— Верно, наша честь страдает.
— Надо подумать как следует.
— Люди хотят тебе добра, Оразсолтан, Сухан-бай правильно сказал.
— Пусть гость возвращается. Мы сами посоветуемся.
— Конечно! Рассердившись на вошь, не сжигают всё одеяло!
— Конечно!
Оразсолтан-эдже заплакала.
— Верните мне мою дочь — вот весь мой совет… Если вы добрые сородичи — исполните свой долг: верните мою дочь!..
— Вот глупая женщина! — раздражённо сказал Сухан Скупой. — Ей говорят: «Козёл!» — А она: «Подои её!». Столько мудрых людей собралось из-за неё, время теряют, советуют, а она всё одно твердит. Нельзя так, Оразсолтан, людей уважать надо! Вон даже почтенный Байрамклыч-бай уважение какое тебе оказал — приехал посредником, а ты обижаешь его… Все оскорблены до глубины души, все мы горим — надо немного поостыть.

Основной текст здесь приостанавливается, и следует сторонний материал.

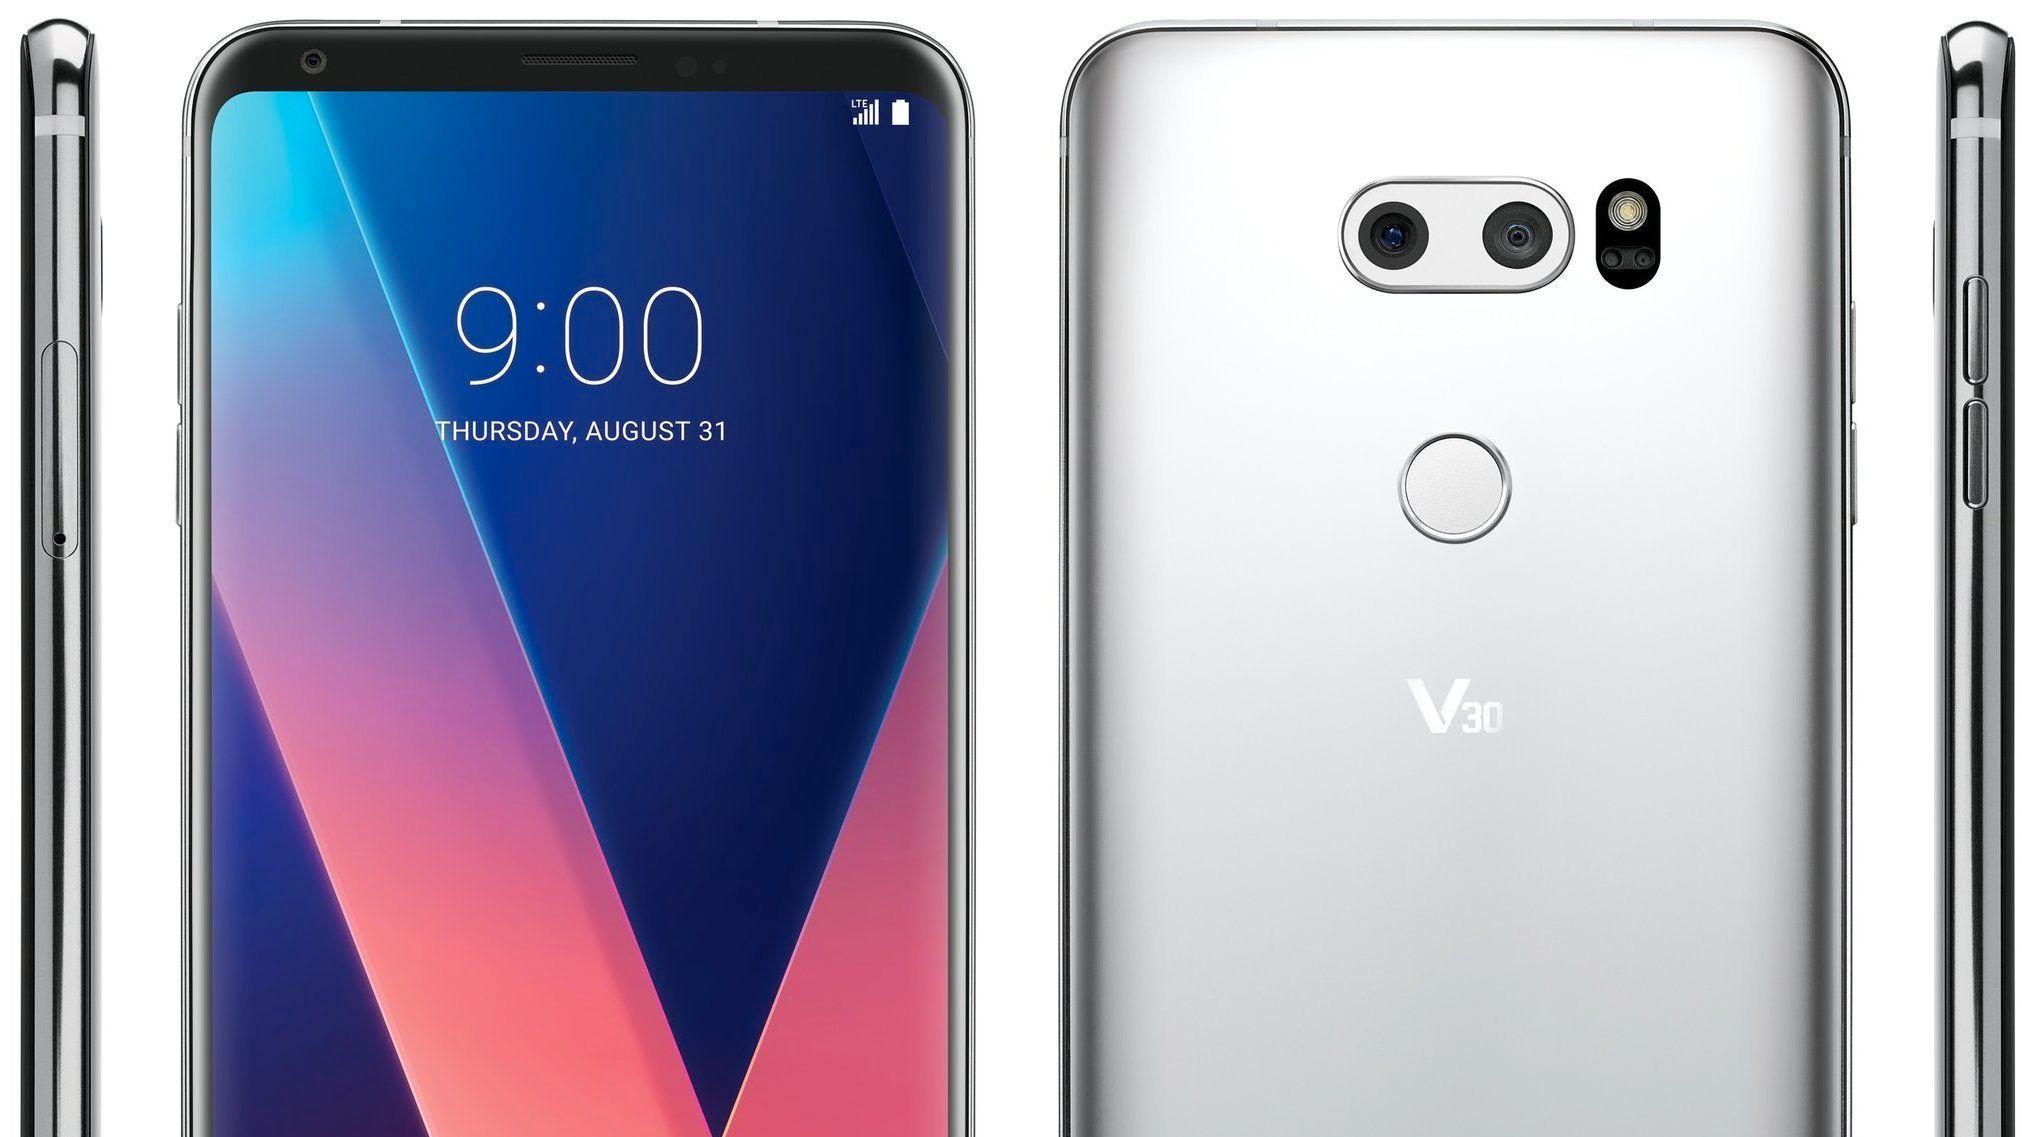 Slik blir LG V30s unike lydløsning

Я думаю так, люди: пусть уважаемый Байрамклыч-бай возвращается, а мы всё взвесим, всё обдумаем и…
Некоторые старики согласно кивали головами, на многие возмутились.
— Нельзя делать так!
— Мать просит — обязаны послушать её!
— За ней последнее слово!
— Конечно! А то тоже получается вроде этого козла! Мать одно просит, а мы другое гнём.
— Женщина и есть женщина! Отца надо спросить!
— Где отец? Нет его!
— Что может посоветовать женщина?
— Мать расстроена! Ей сейчас, как голодной курице просо, так и дочь!
— Конечно, не твою увезли! Сытый голодного не разумеет!
— Нельзя торопиться с этим делом!
— То — в одной семье горе, а то — десять плакать будут.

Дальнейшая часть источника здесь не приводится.